[Task prompt] Find the line that holds "LEGO Star Wars De Phantom - 75048" in the material below. Output that line and each one after it exactly, but not the pictures.
──────── Data below
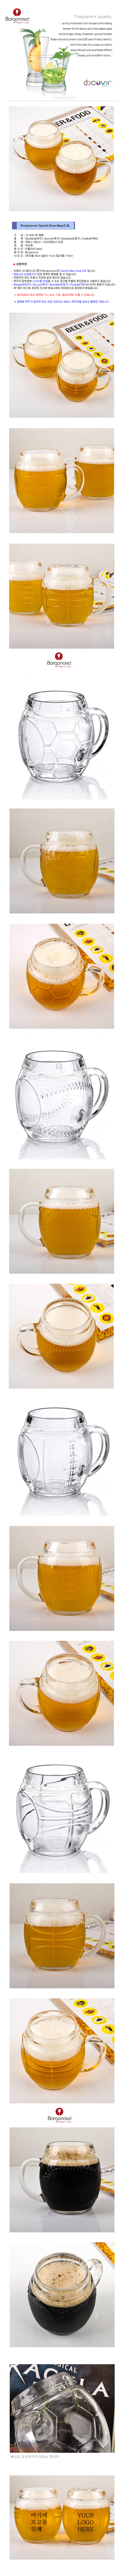 Borgonovo Sports Beer Mug (맥주잔) 0.5L (2P 4P) - 더리빙샵, 11,500원, 유리컵/술잔, 유리컵
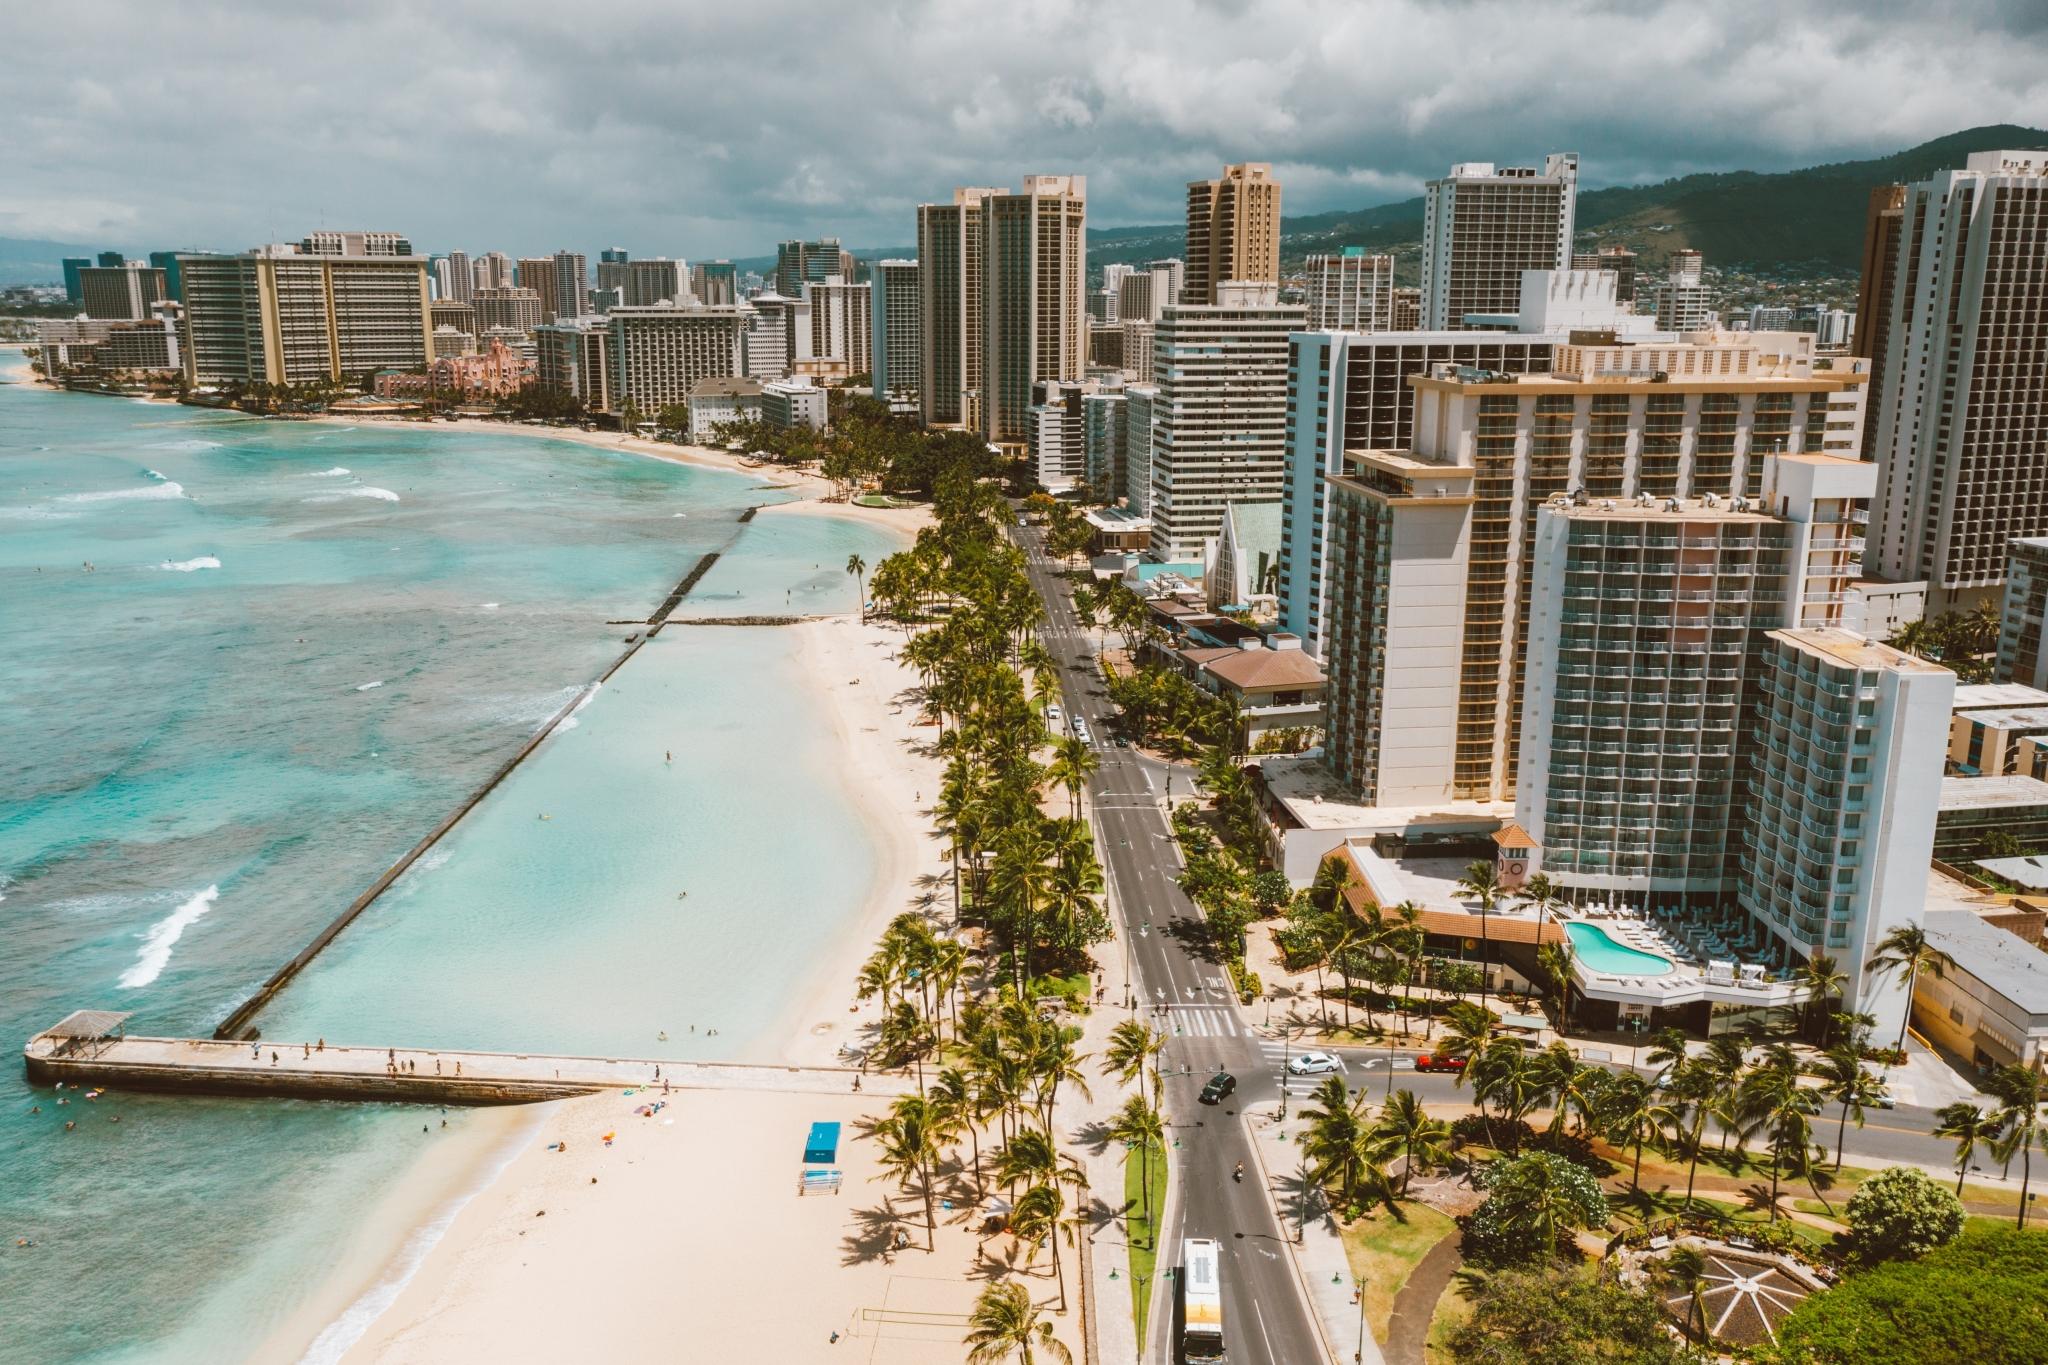 Coastline in Honolulu, Hawaii
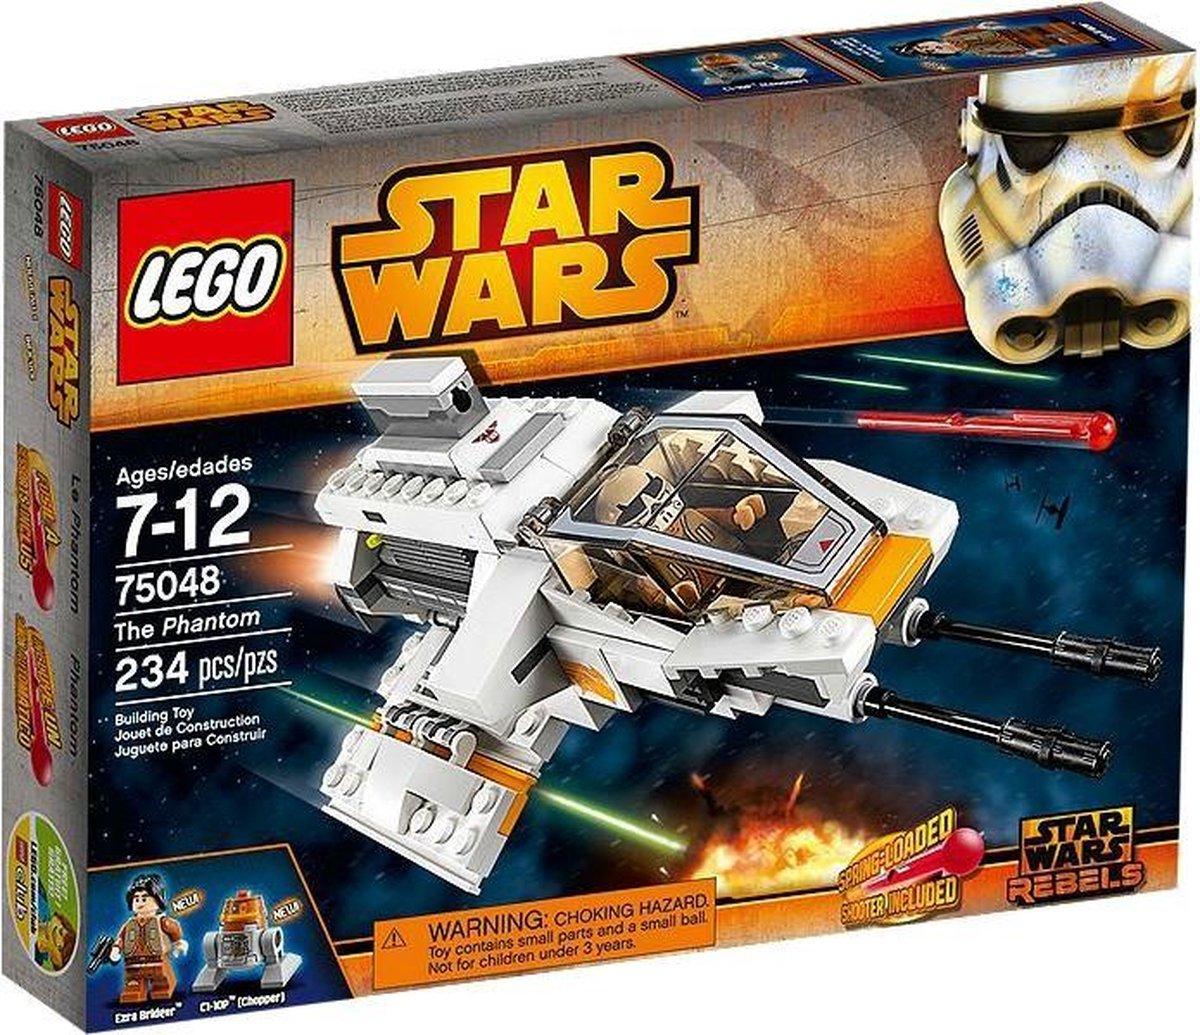 LEGO Star Wars De Phantom - 75048
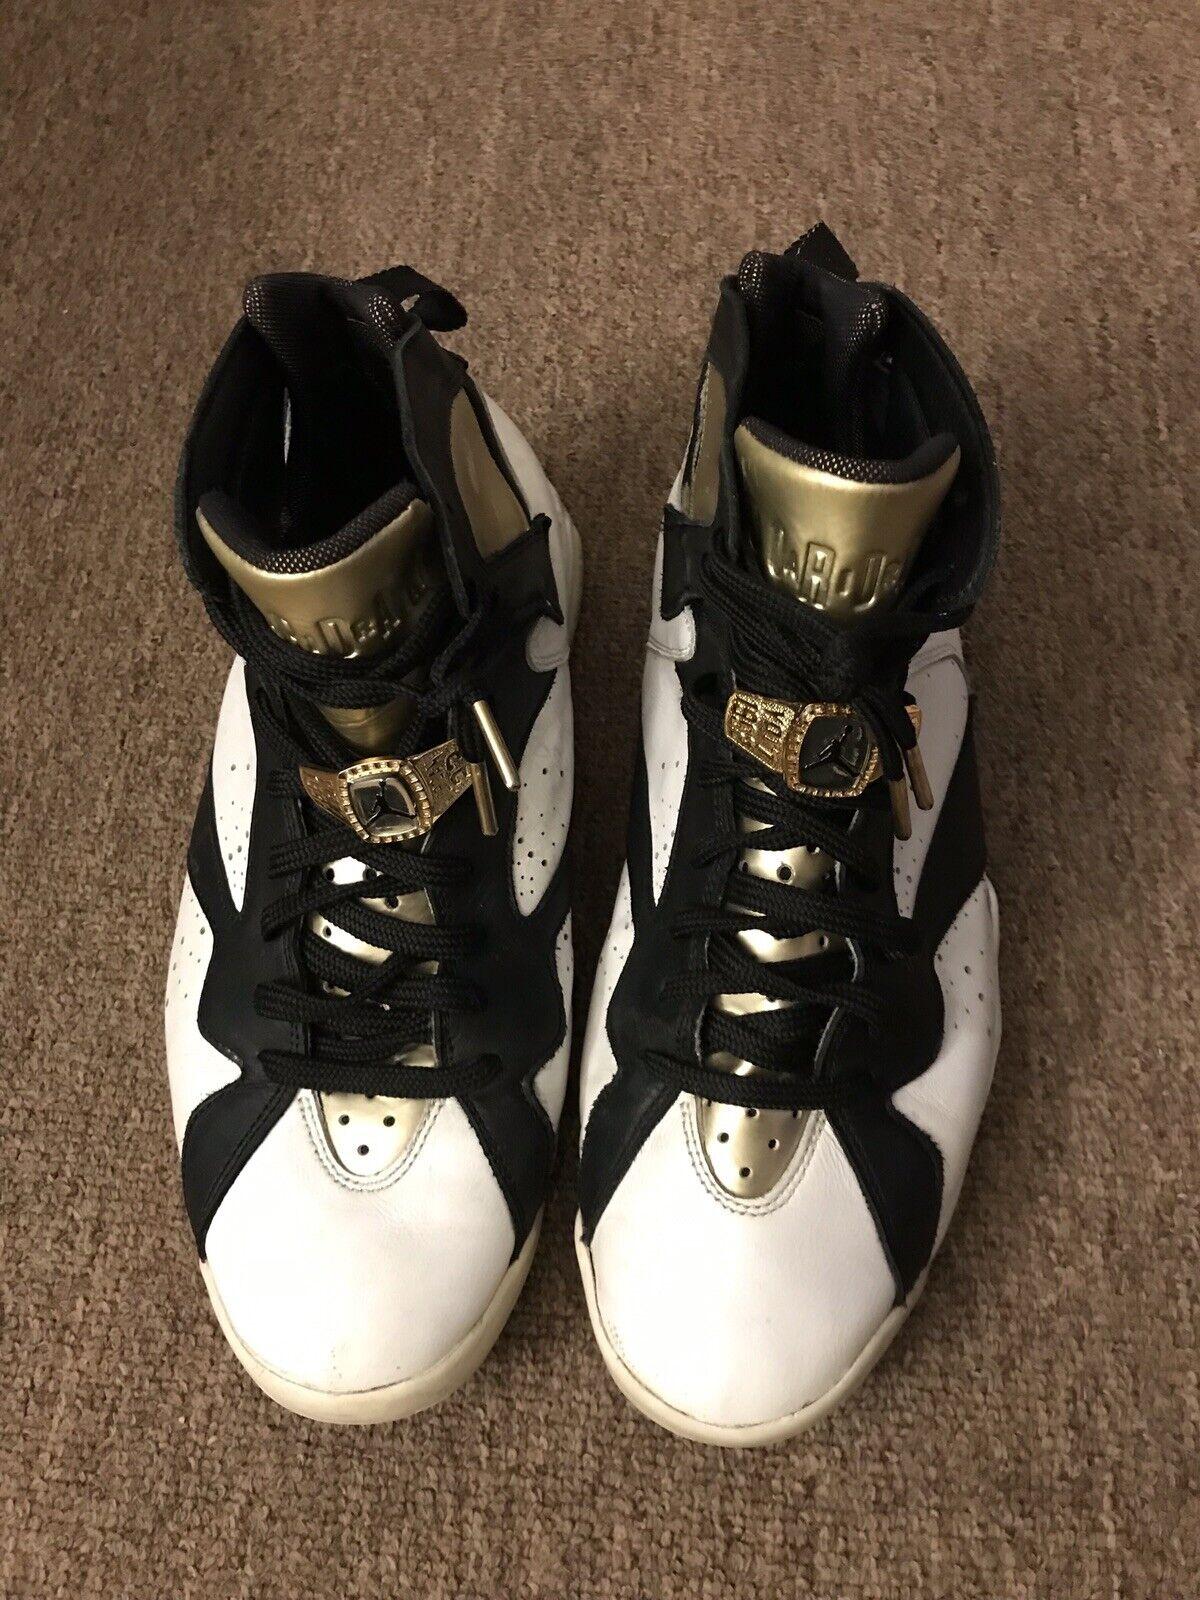 Nike Air Jordan 7 VII Retro Championship Size US 11 Men's
────────────────
[Your solution]
 LEGO Star Wars De Phantom - 75048
 Nike Air Jordan 7 VII Retro Championship Size US 11 Men's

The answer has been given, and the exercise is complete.